Colasanti J, Denhardt D T
Department of Microbiology and Immunology, University of Western Ontario, London, Canada.
Mol Gen Genet. 1987 Sep;209(2):382-90. doi: 10.1007/BF00329669.
Recombinant DNA techniques were used to study various aspects of rep gene function in Escherichia coli. In order to enhance expression of the Rep protein, the rep gene was cloned into the vector pKC30 under the control of the lambda pL promoter. By trimming away a portion of the DNA sequence immediately upstream of the translational start site of rep, we were able to obtain very high levels of Rep protein upon induction. Cells carrying such plasmids showed no ill effects from the high concentration of the protein. To ascertain the consequence of the absence of Rep protein on the cell, the chromosomal copy of the gene was deleted using a homologous recombination technique. The viability of E. coli strains completely lacking the rep gene proves that the Rep function is not essential, at least in wild-type cells under laboratory conditions. We confirmed that in the absence of Rep function there is an increase in the average number of growing forks in exponentially growing cells; augmentation of Rep protein levels above normal, however, did not detectably decrease the number of growing forks.
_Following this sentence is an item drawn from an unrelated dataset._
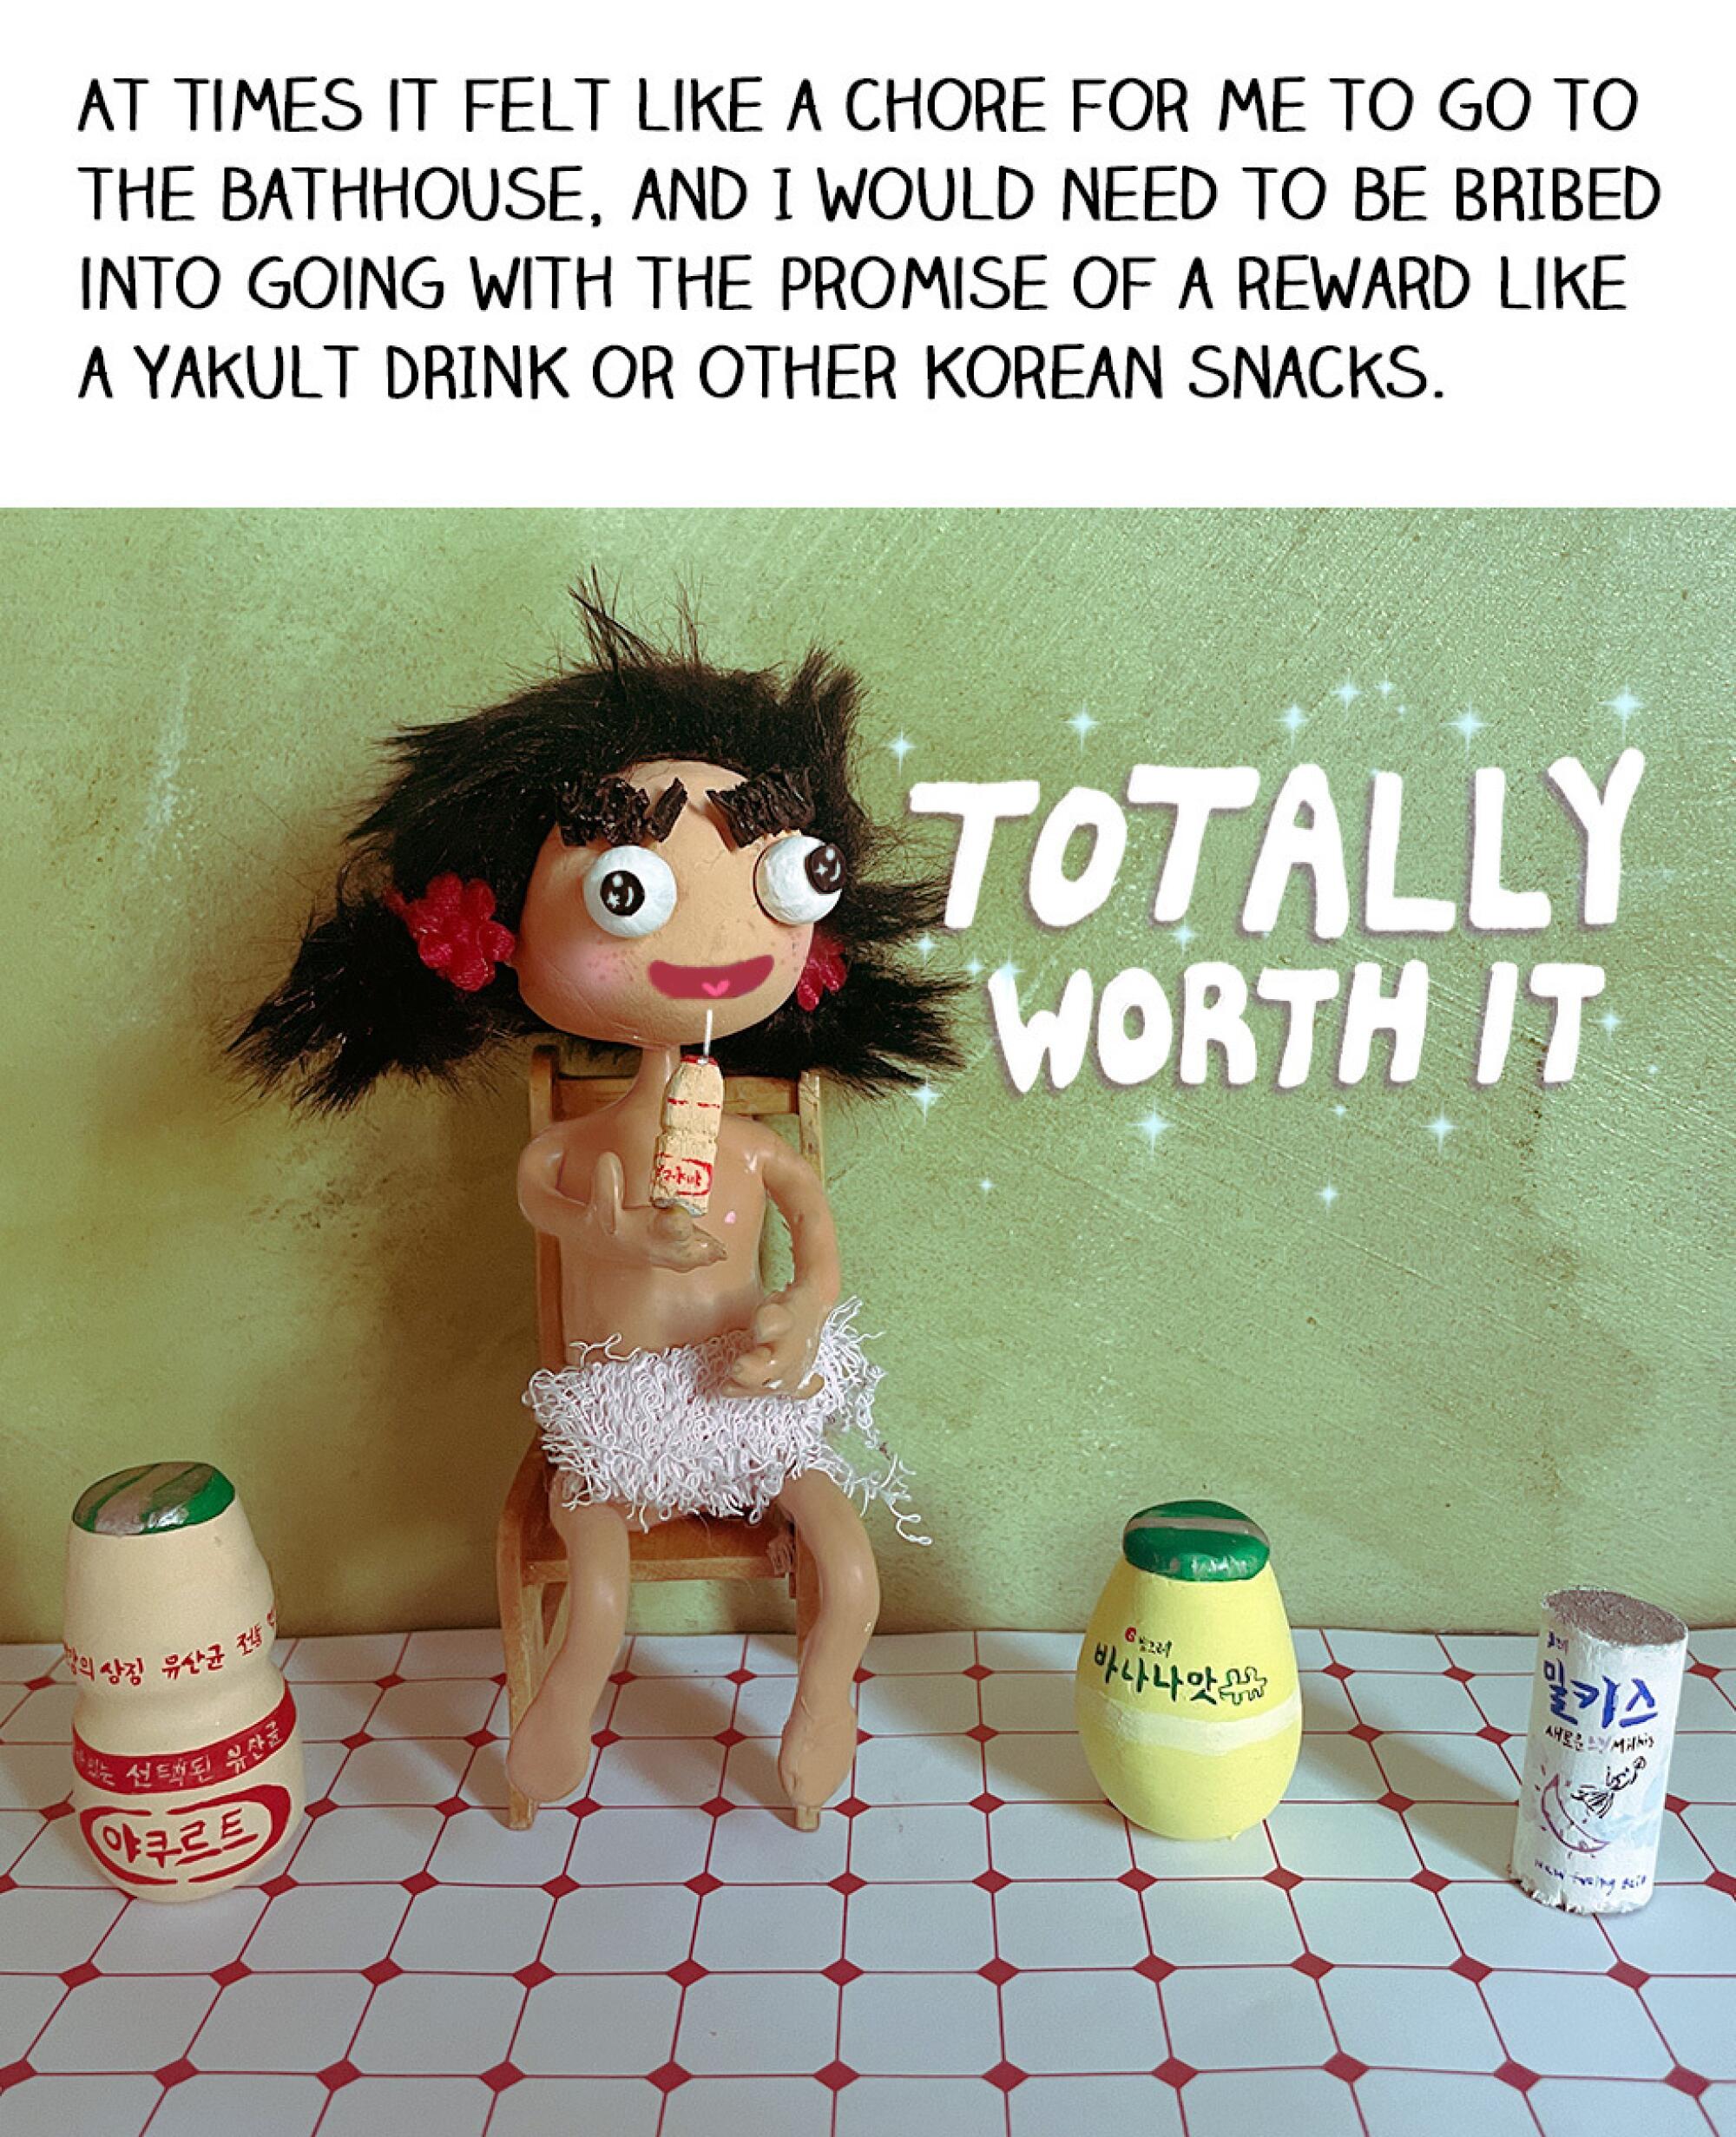 A child puppet surrounded by different yogurt beverages while drinking one.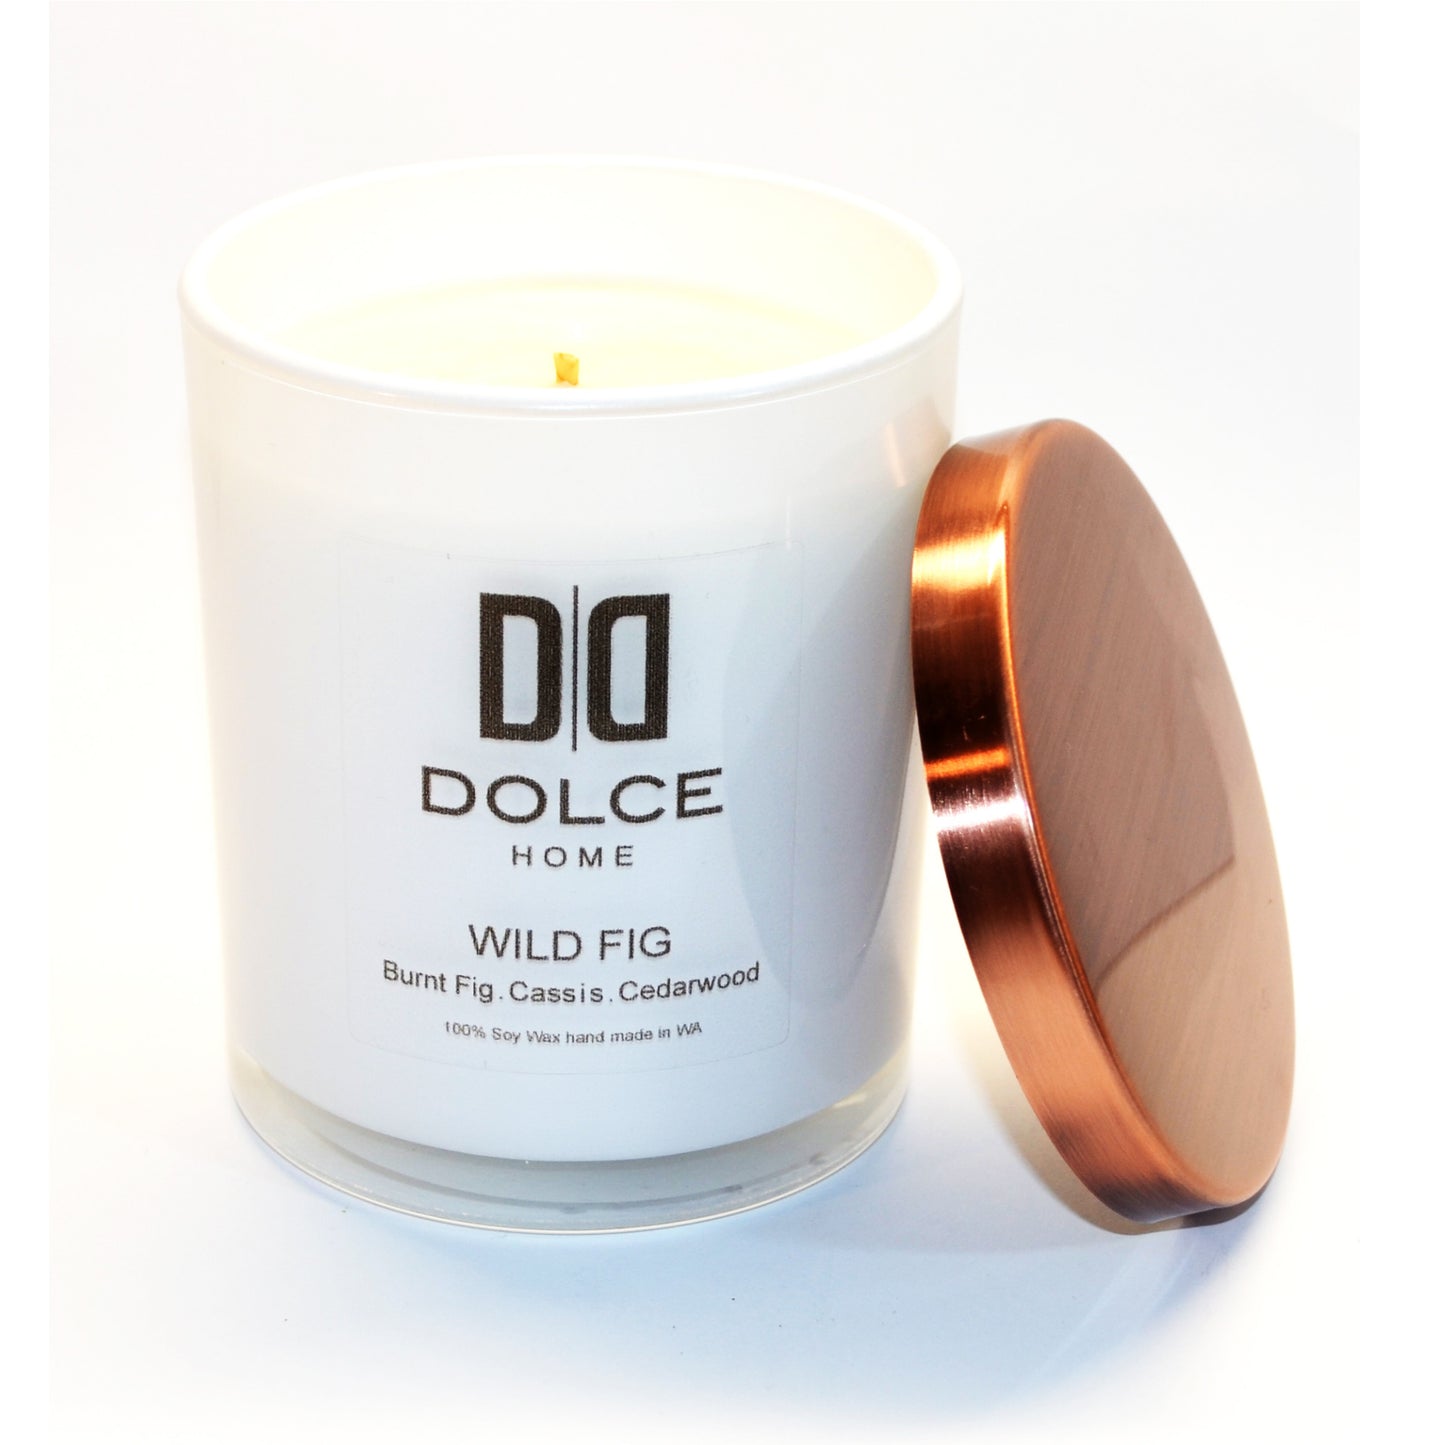 Wild Fig | 300g Soy Wax Candle | Dolce Home | Handmade in W.A.

利用重组DNA技术研究了大肠杆菌中rep基因功能的各个方面。为了增强Rep蛋白的表达,将rep基因克隆到受λ pL启动子控制的载体pKC30中。通过切除rep翻译起始位点上游紧邻的一部分DNA序列,我们能够在诱导后获得非常高水平的Rep蛋白。携带此类质粒的细胞未表现出因高浓度该蛋白而产生的不良影响。为了确定细胞中缺乏Rep蛋白的后果,使用同源重组技术删除了该基因的染色体拷贝。完全缺乏rep基因的大肠杆菌菌株的活力证明,至少在实验室条件下的野生型细胞中,Rep功能并非必不可少。我们证实,在缺乏Rep功能的情况下,指数生长细胞中生长叉的平均数量会增加;然而,将Rep蛋白水平提高到正常水平以上并未检测到生长叉数量的明显减少。